• _Work item_: Once you find the line with "WikiLeaks drop page" in the listing below, please repeat it and every later line exactly, through the last one, without pictures.

=== Material provided ===

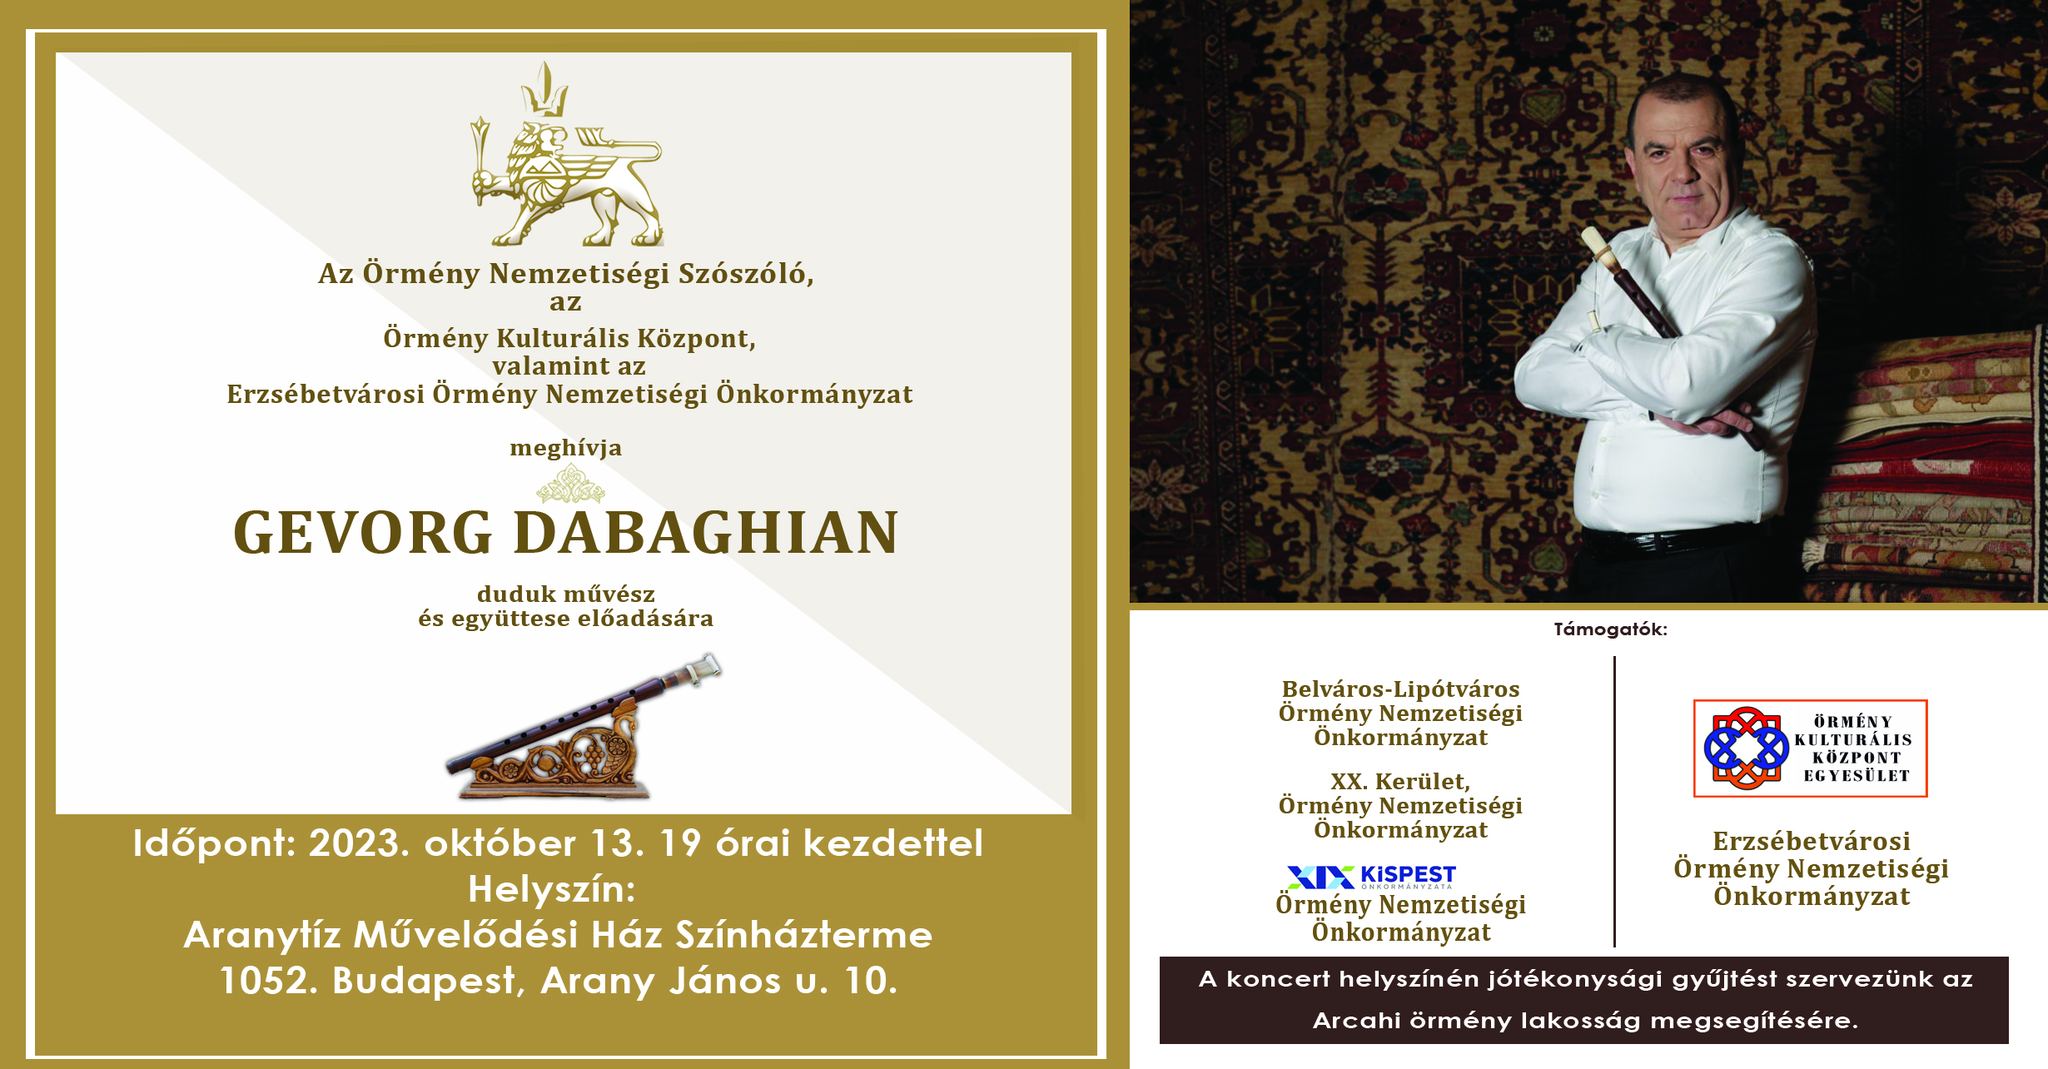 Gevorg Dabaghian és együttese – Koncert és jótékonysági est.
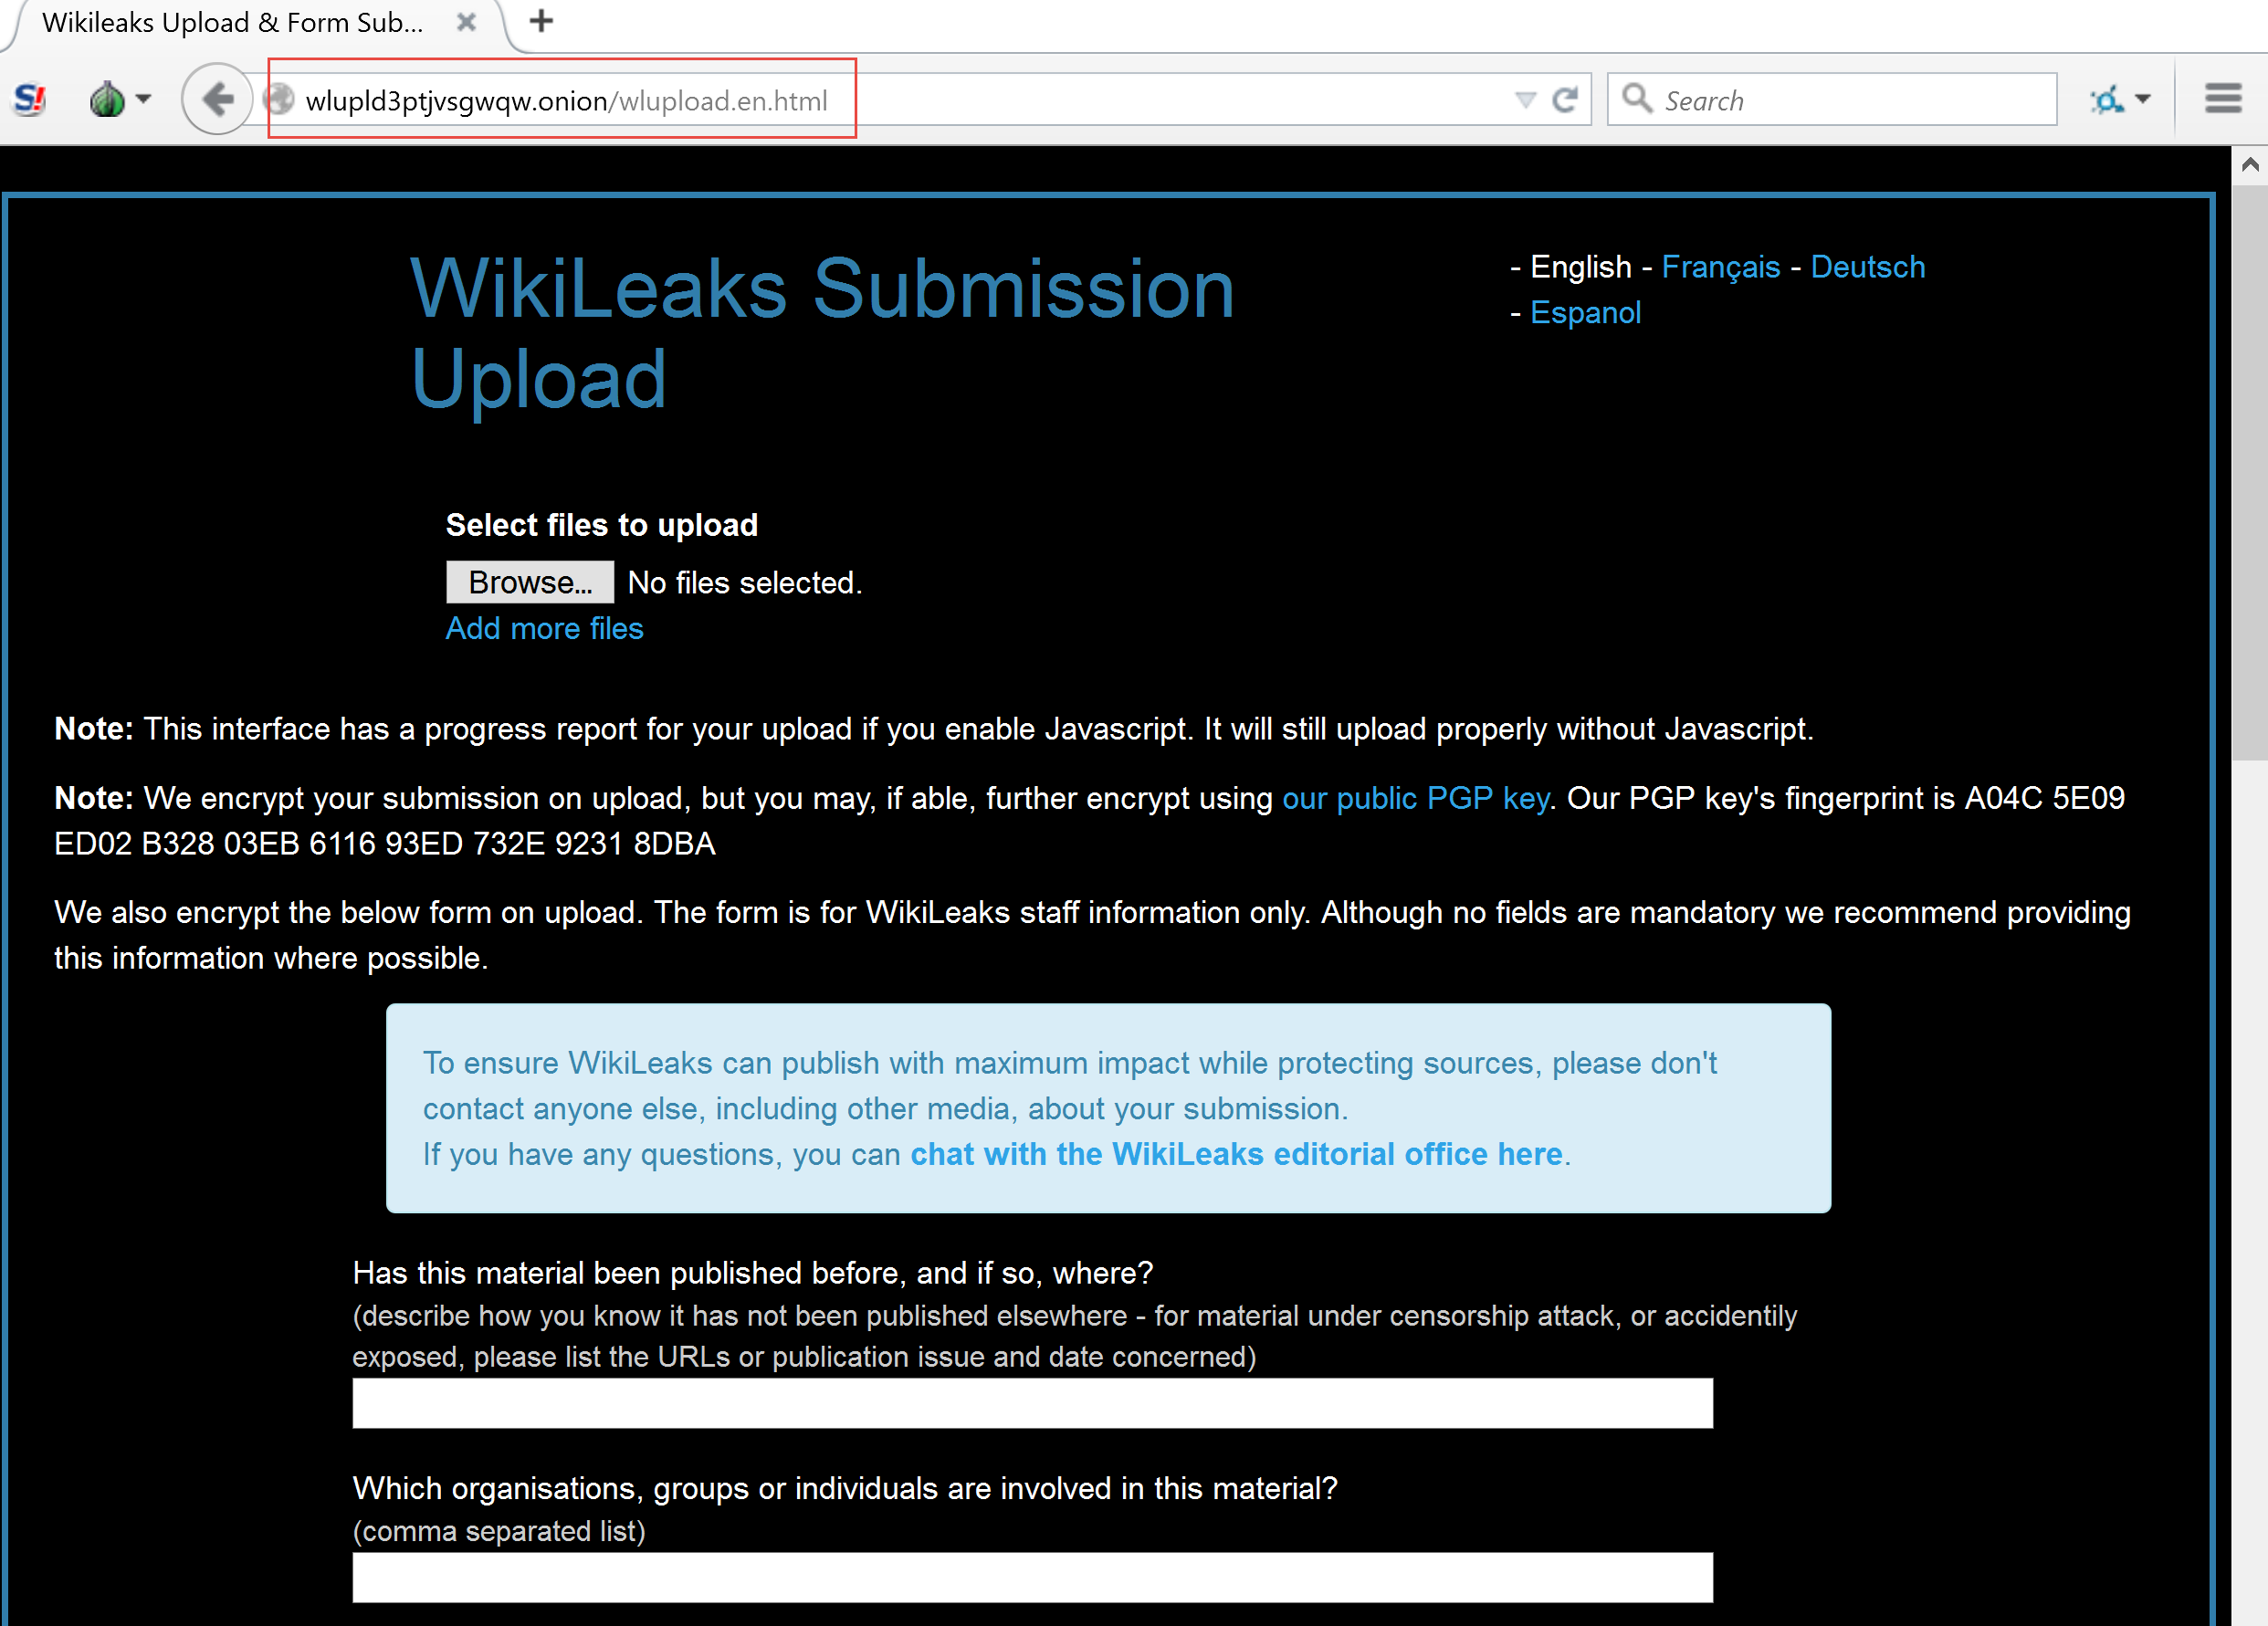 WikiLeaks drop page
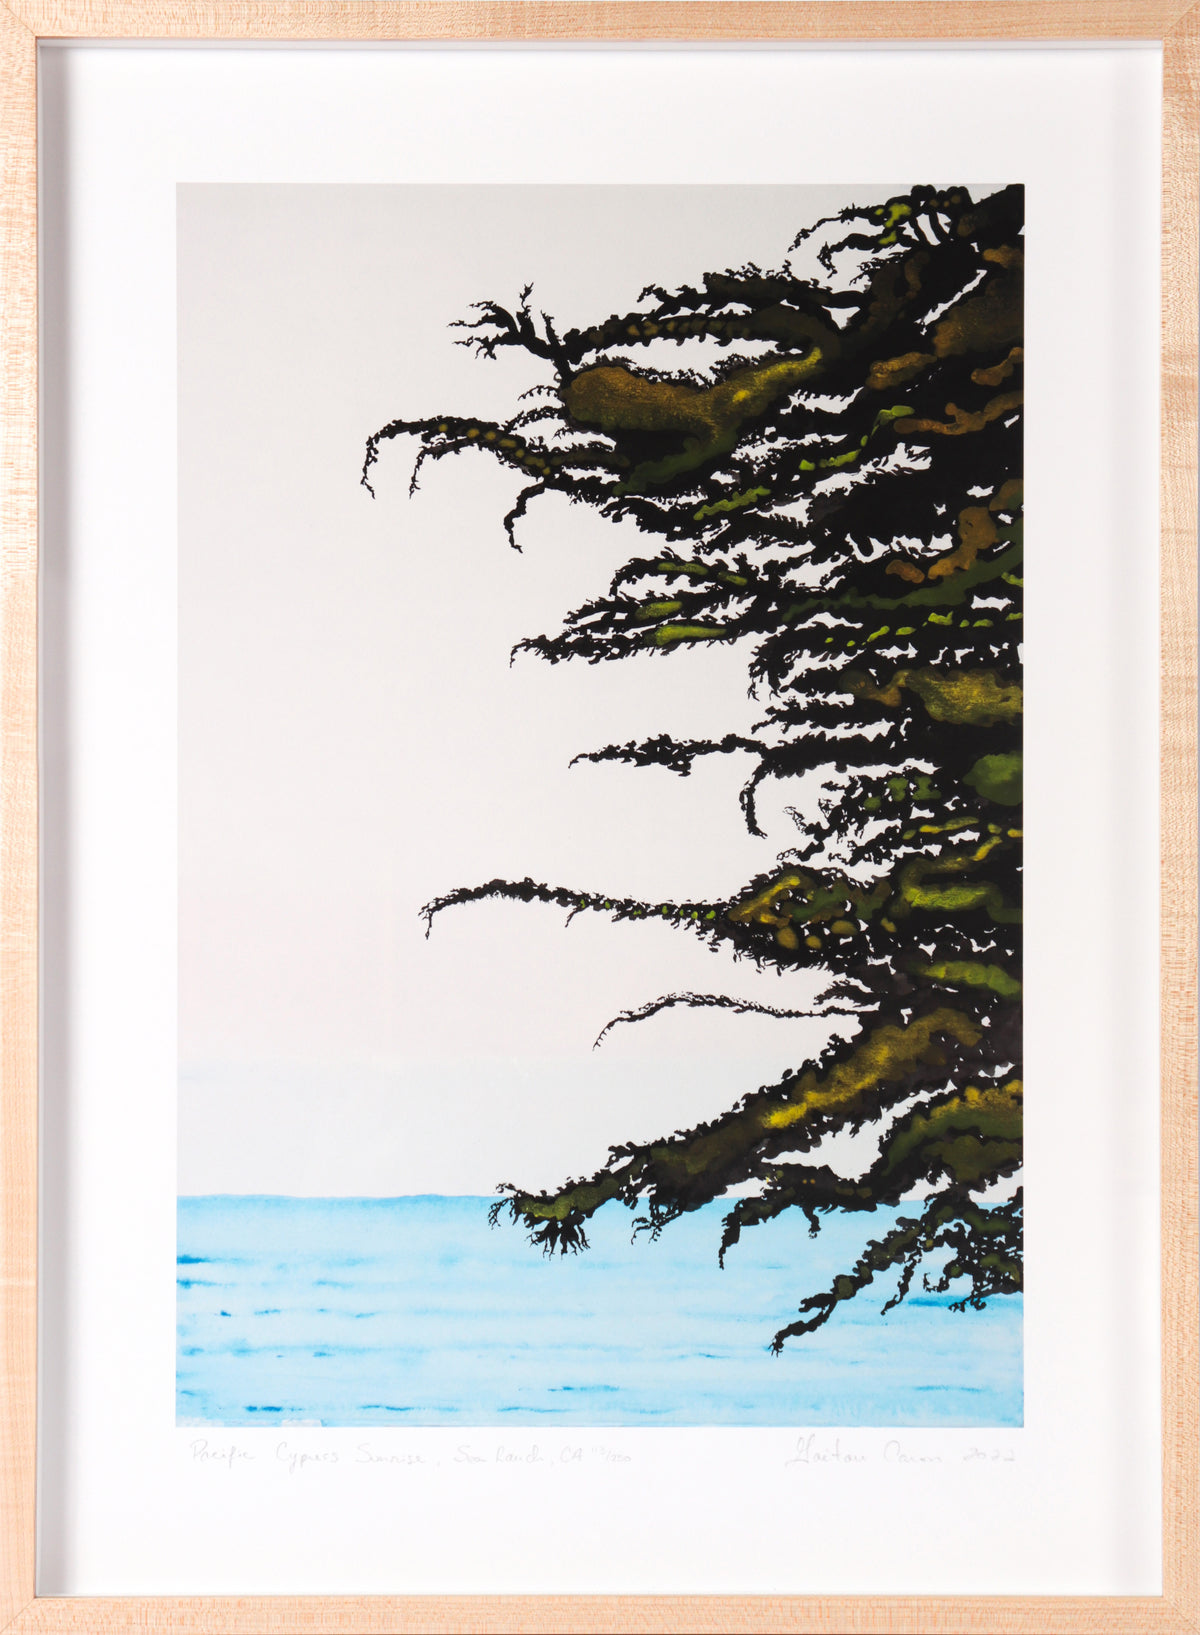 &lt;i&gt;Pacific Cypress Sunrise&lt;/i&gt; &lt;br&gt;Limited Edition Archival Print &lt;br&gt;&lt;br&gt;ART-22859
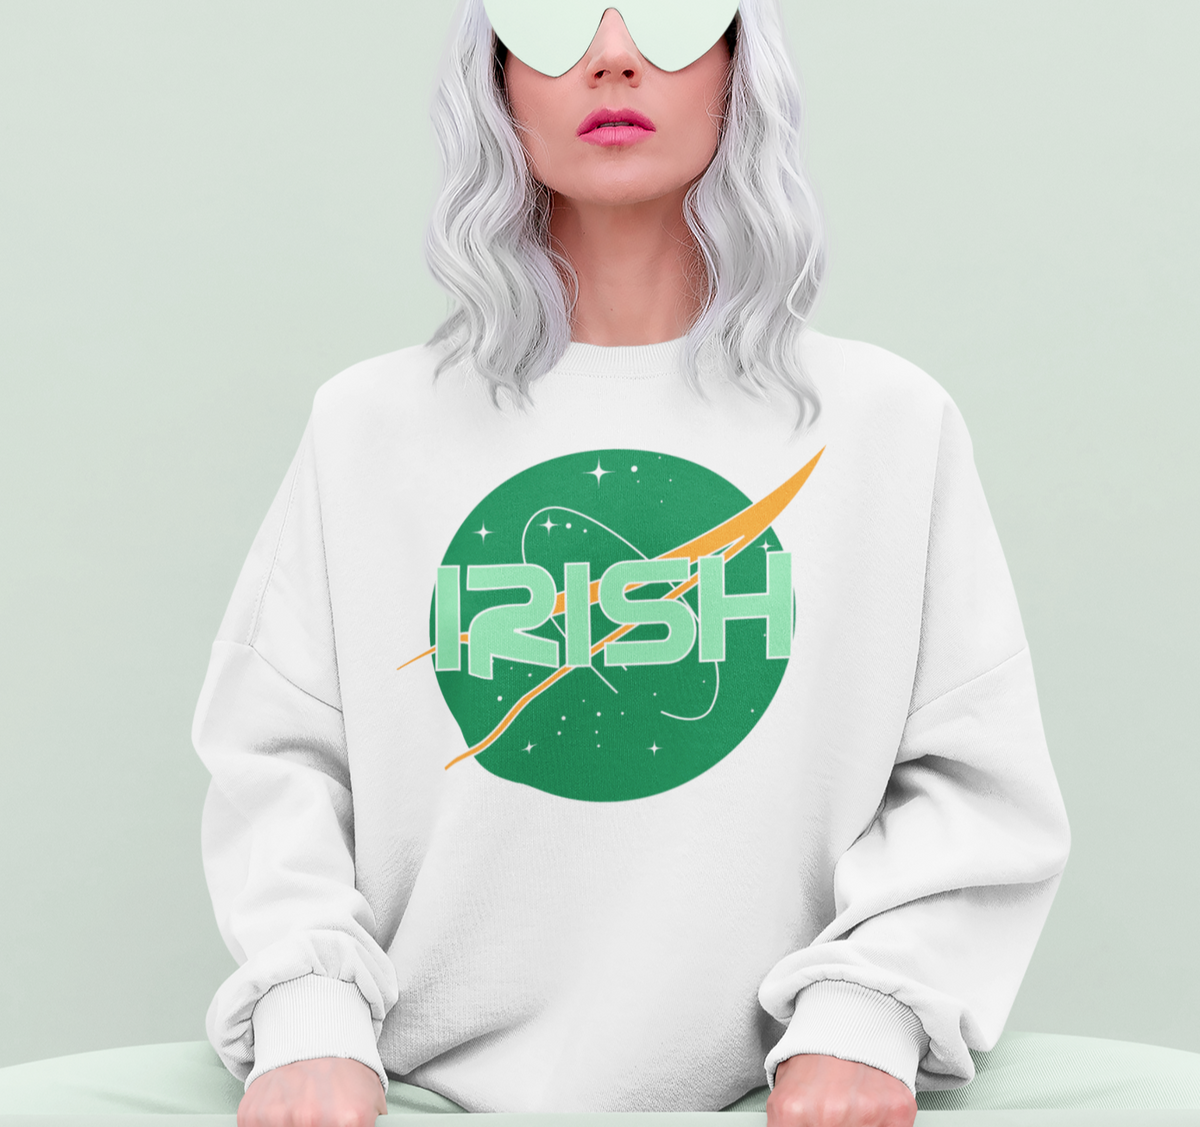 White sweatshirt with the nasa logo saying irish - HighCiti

===

• _Final answer_:
 WikiLeaks drop page
 &lt;i&gt;Pacific Cypress Sunrise&lt;/i&gt; &lt;br&gt;Limited Edition Archival Print &lt;br&gt;&lt;br&gt;ART-22859
 White sweatshirt with the nasa logo saying irish - HighCiti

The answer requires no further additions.